На другое утро он сам выкопал могилу. Потом завернул тело Фаины в льняные простыни и, уложив его на телегу, крытую зелёным сукном, повёз на кладбище, темнеющее как остров в заречной долине. Ещё издали увидел он колыхающуюся возле кладбища толпу. Она была похожа на сползшую с неба тучу и гудела громко и возмущённо, но, завидя его, разом стихла. Бари, остановив лошадь, поднял завёрнутое тело и, держа его перед собой, приблизился к людям. «Не гневайся, Бари, не пустим. Иноверка она, кряшен!» – сказал сурово голос из толпы. «Не пустим!» – заволновались, зашумели женщины, особенно жестокие в своей вере. И тогда молча, ничего не говоря, с остановившимися глазами, он повернул назад и пошёл в гору со своей страшной ношей. Принес её к круче над рекой Валсю и выкопал могилу под тополем с рябиной, где женщина прошлой ночью в безумии горя ускорила свой конец, чтобы успокоиться рядом со своим младенцем.

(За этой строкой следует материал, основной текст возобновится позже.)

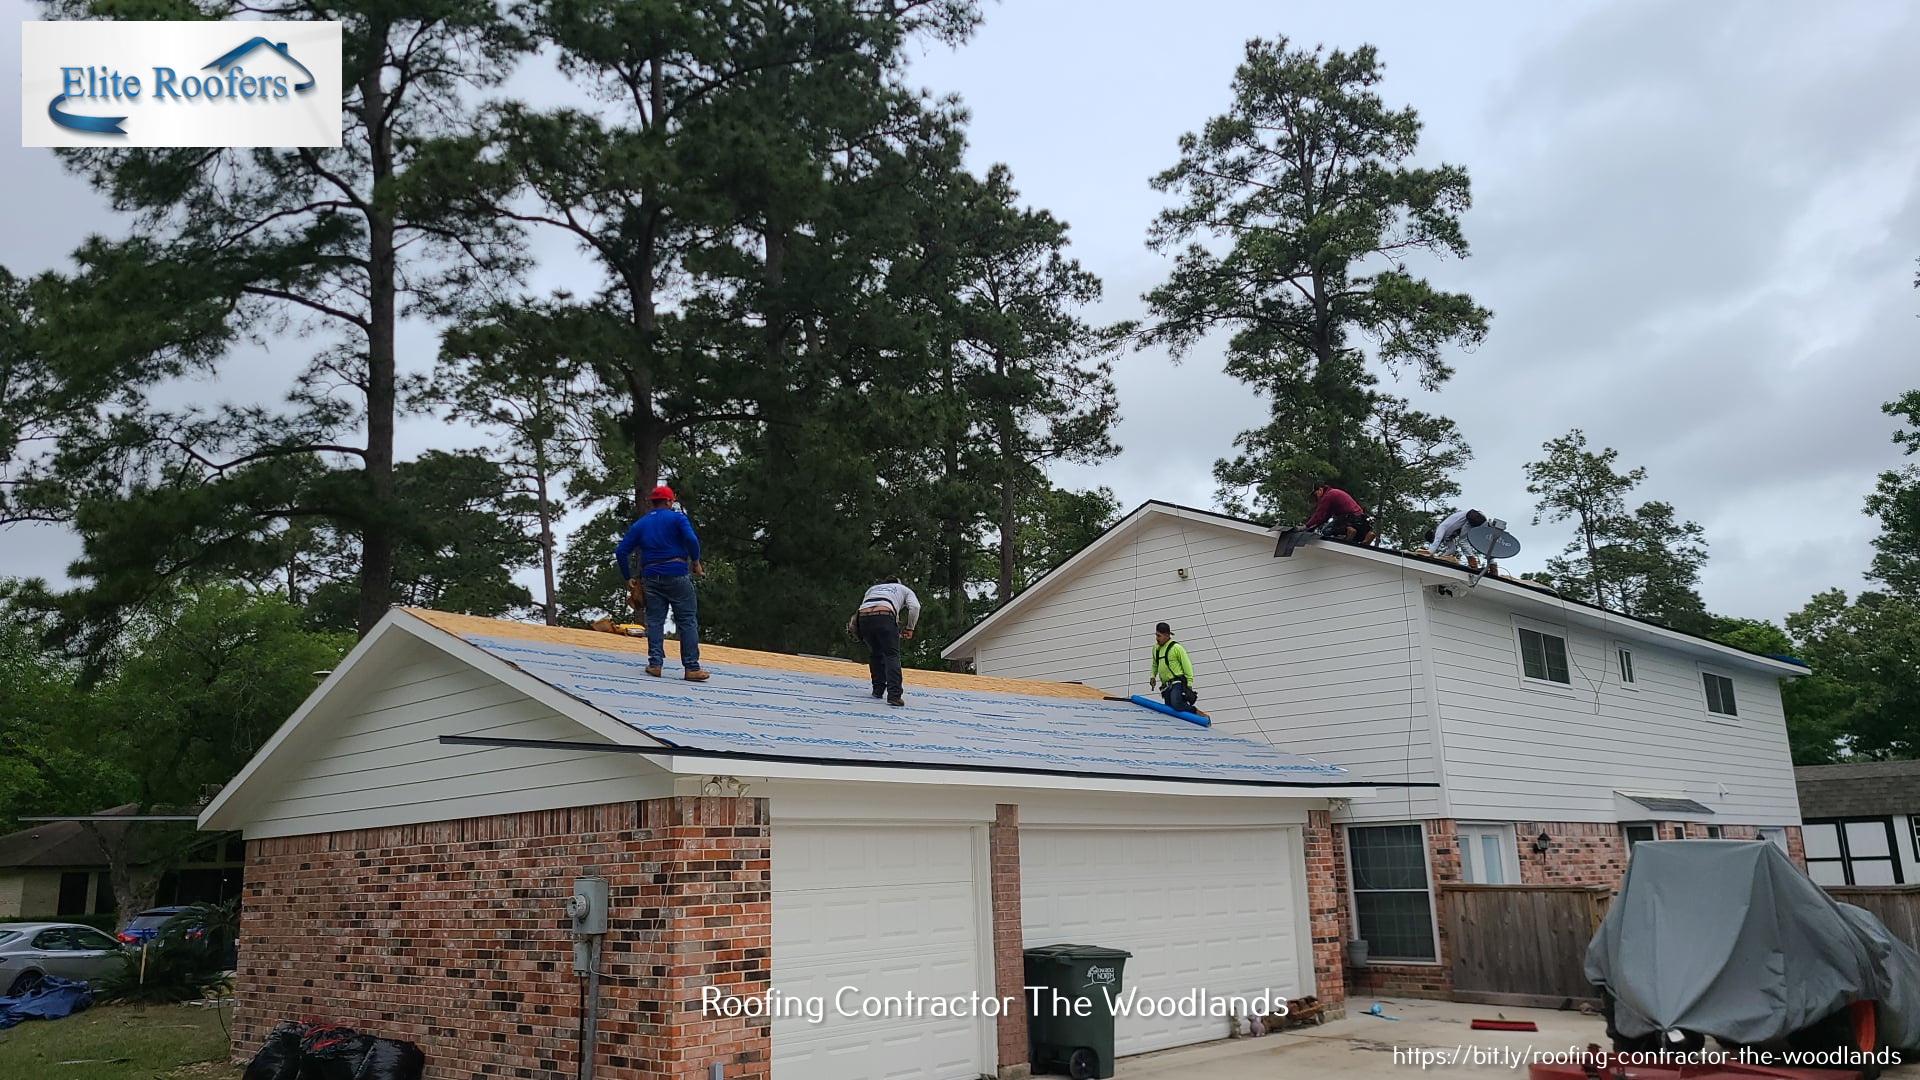 Elite Roofers Continues to Offer the Best Roofing Services in The Woodlands, TX

Солнце, бледнея, уже шло на свою закатную дорожку. Тени деревьев переползли на другую сторону и стали остывать, а он всё сидел возле свежего холмика и гладил его, ставшего глиняным телом Фаины.
Подошла осень. Холмик над Валсю покрывала палая листва, и на неё с лёгким стуком падали ягоды рябины… Как-то Бари застал здесь аксайских мальчишек. Один из них, приспустив холщовые штаны, собрался помочиться. И тогда Бари, схватив его за грудку, поднял в воздух и держал так долго, до посинения, и, пожалуй, задушил бы пацанёнка, если бы не подоспела его мать. С тех пор никто не осмеливался подняться на этот крутогор… А он продолжал жить и работать, и люди видели его лицо, одинаковое, как у беркута, и утром, и вечером.

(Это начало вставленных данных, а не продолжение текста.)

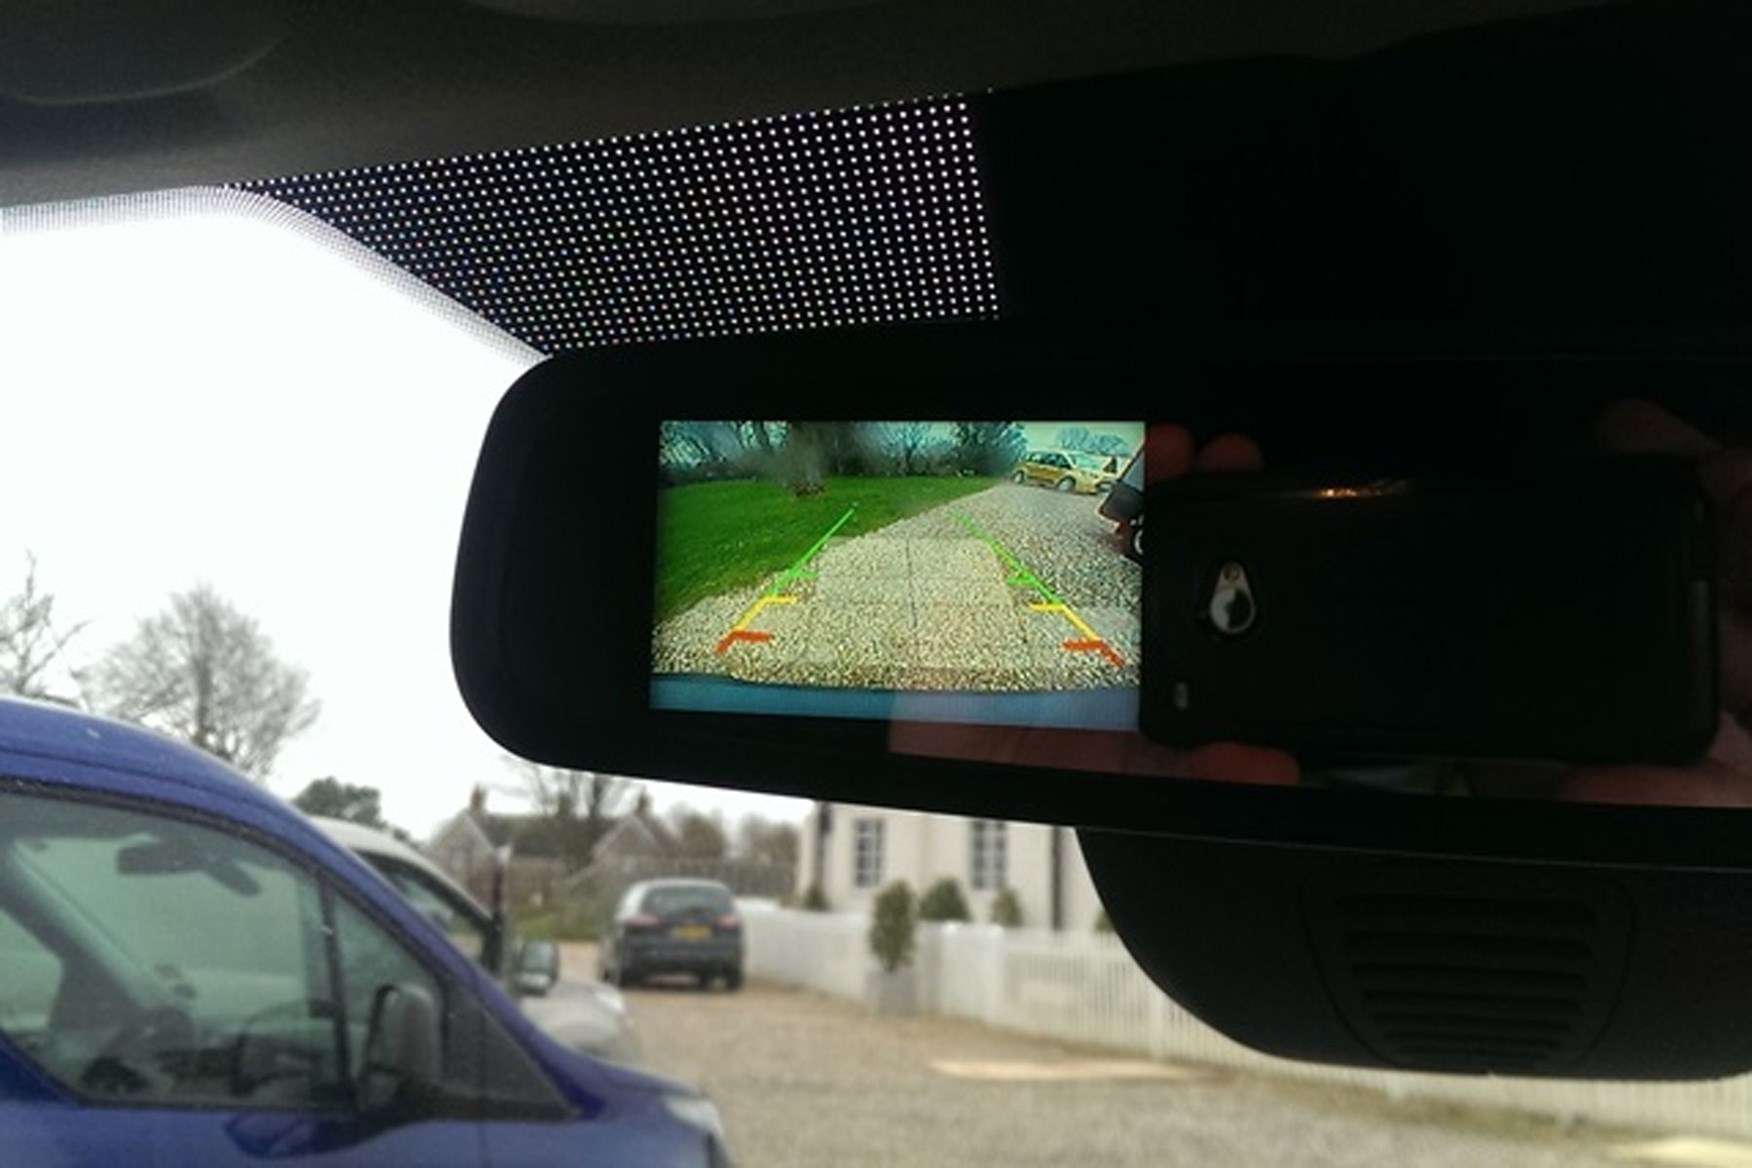 Ford Transit Connect review - 2013 Trend rear view camera in mirror

Сентябрь близился к концу. Бари с утра, ссутулясь, уезжал с приказчиком по купеческим делам, оставляя за спиной мёртвую тишину дома. Возвращаясь поздно, в тоске одиночества падал на неубранную постель.

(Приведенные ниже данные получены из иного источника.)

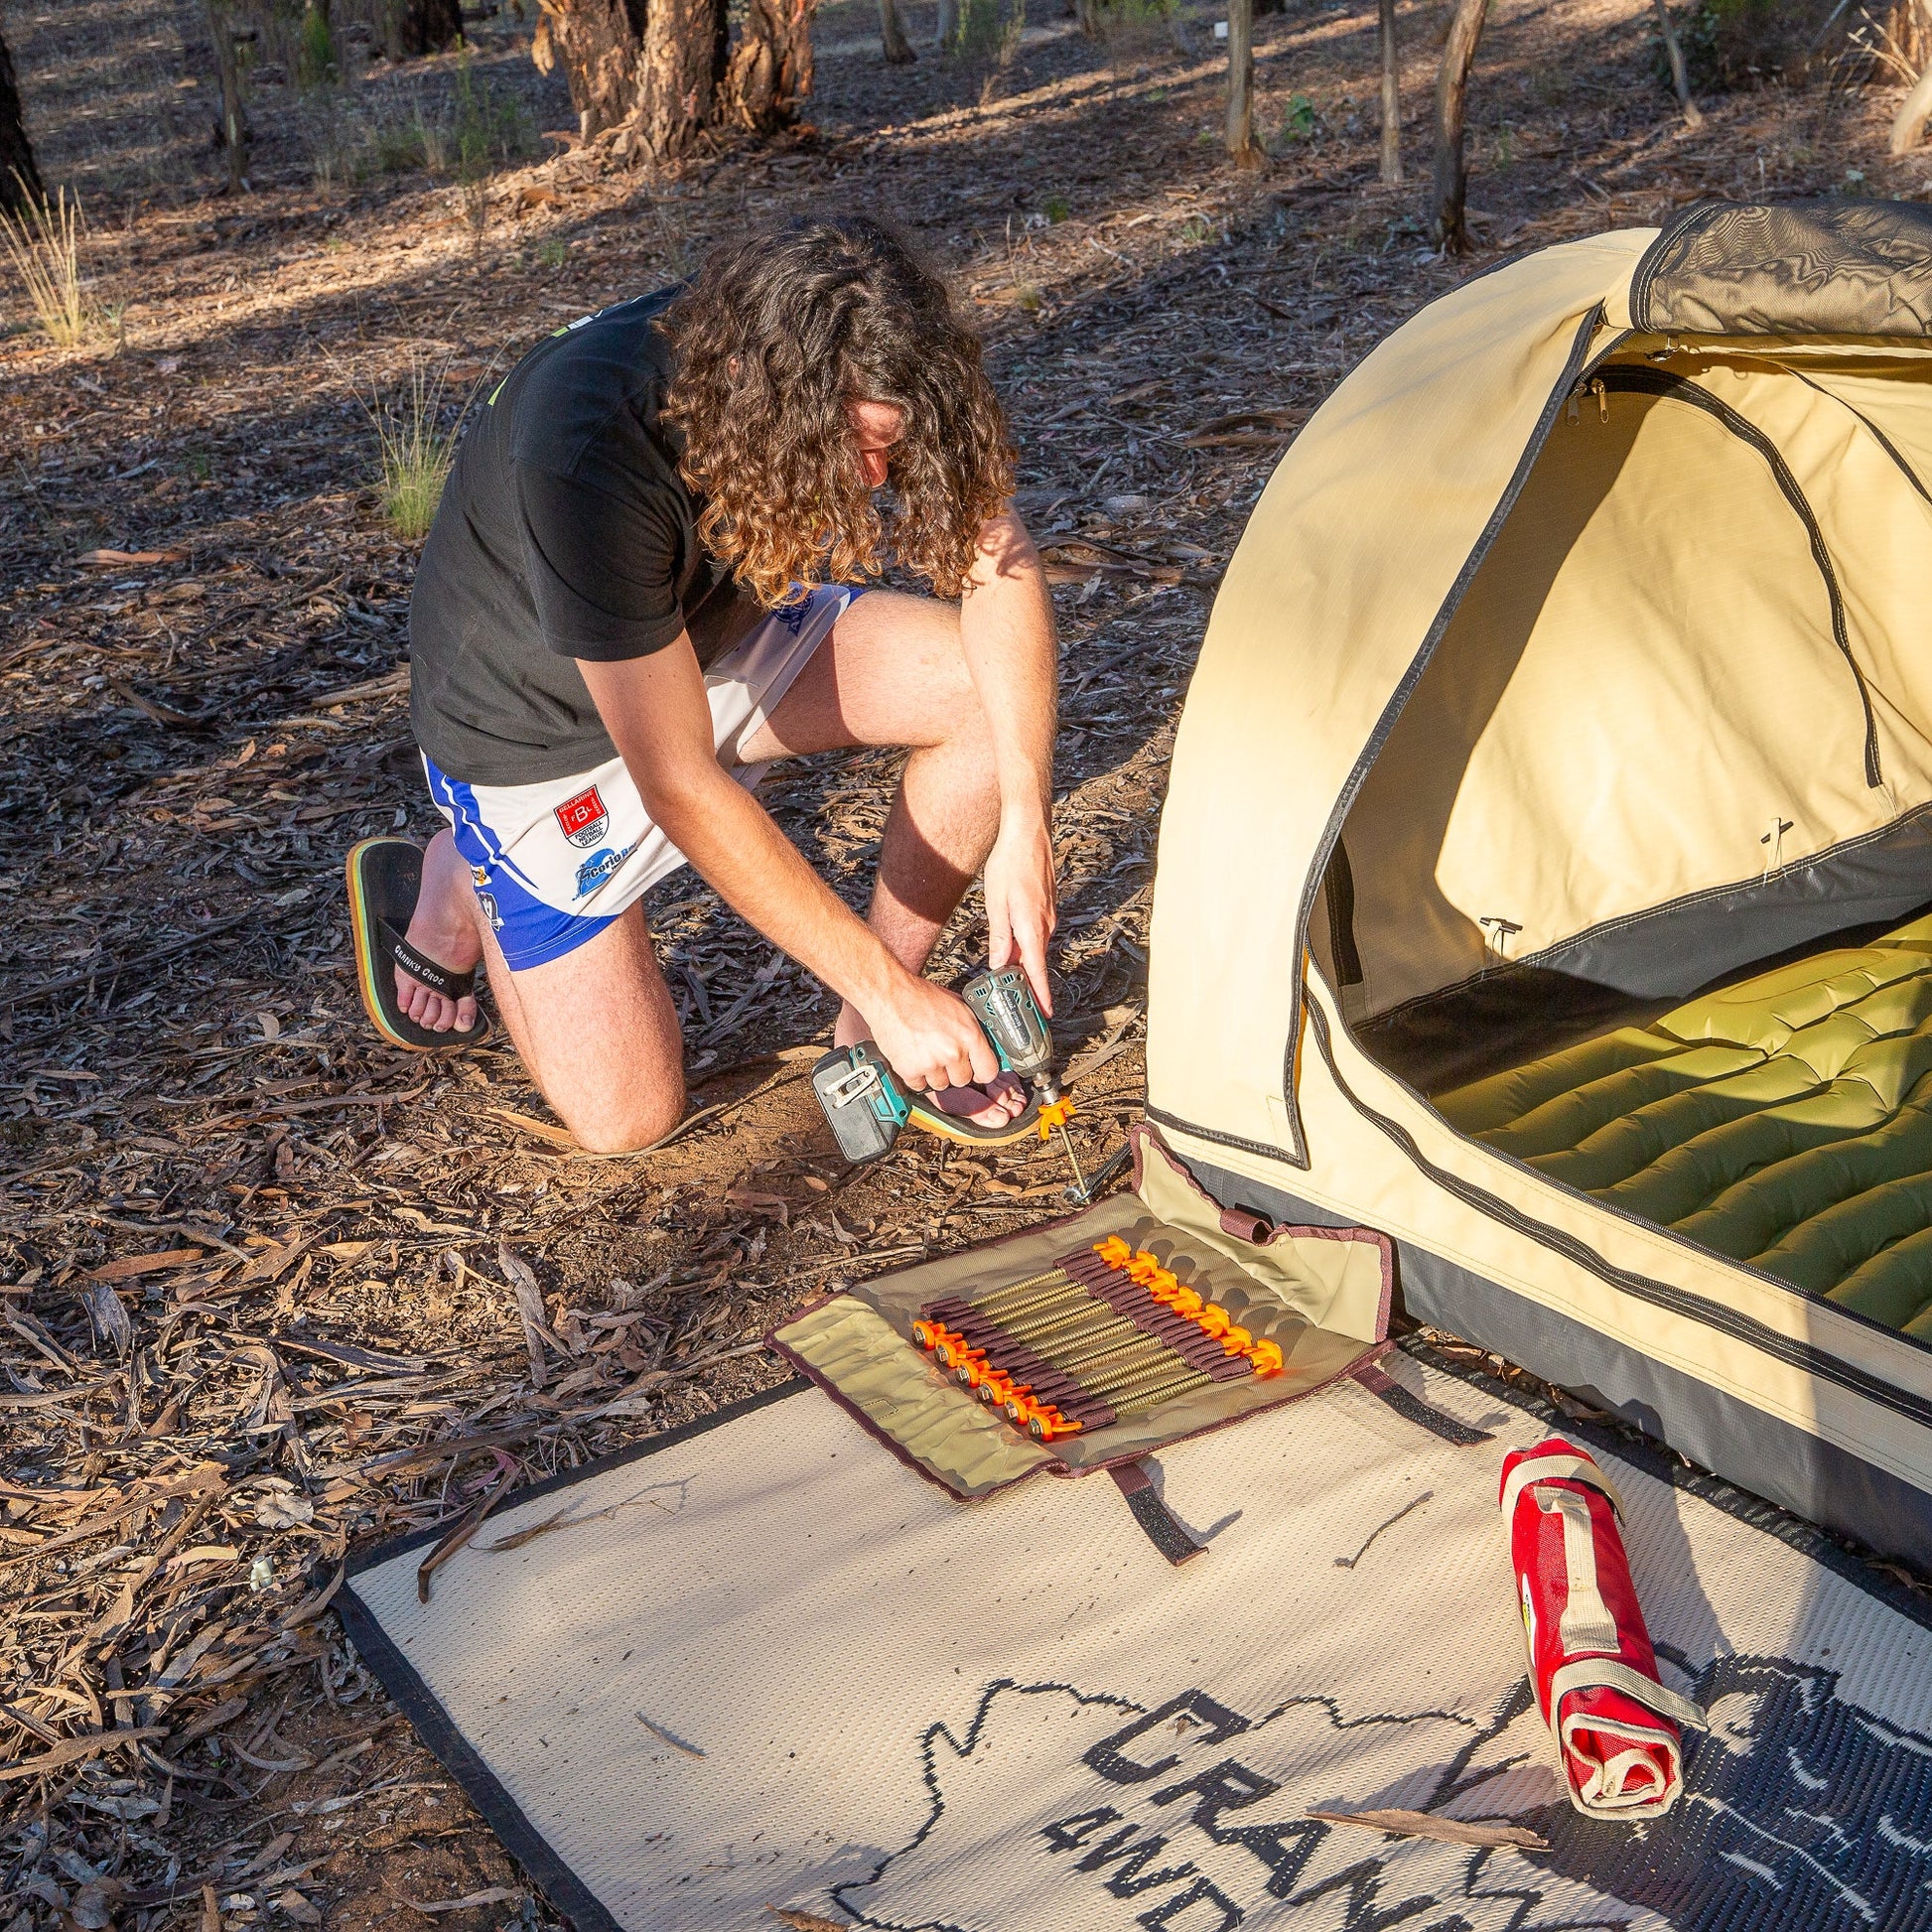 Man boy crouching next to Inflatable swag drilling screw in tent pegs into ground for inflatible swag

Как-то вечером он один ехал вдоль Валсю по просёлочной дороге. Светила полная луна, от деревьев поперек дороги лежали чёрные тени. Вдруг лошадь встала в смертном ужасе. То сверкая сединой шерсти под полуночным светом, то ныряя в тень, пересёк дорогу знакомый зверь. Бари явственно увидел на лбу его кроваво-чёрный рубец и под ним синий, с жёлтым пламенем, глаз. Секунда, и он растворился в лесной тьме.
А утром работник Шамиль, ведавший конюшенным хозяйством и ездивший накануне на цыганский базар за конской упряжью, окликнул хозяина: «Бари-бай, гляньте-ка, что я нашёл…» На чёрной растрескавшейся ладони конюха лежала детская шапочка-каляпуш, изрядно запылённая и измятая. Бари поднёс её к носу и услышал едва уловимый знакомый запах лесного ореха.
«Где?» – выдохнул Бари одними губами.
«Да вот, как поехал от базара, на повороте от балезинского тракта в Аксай… гляжу, на обочине вроде знакомая шапчонка».
Смутная догадка радостной волной прошла по сердцу Бари. Однако он не дал ей ходу, но молча, про себя, решил проверить.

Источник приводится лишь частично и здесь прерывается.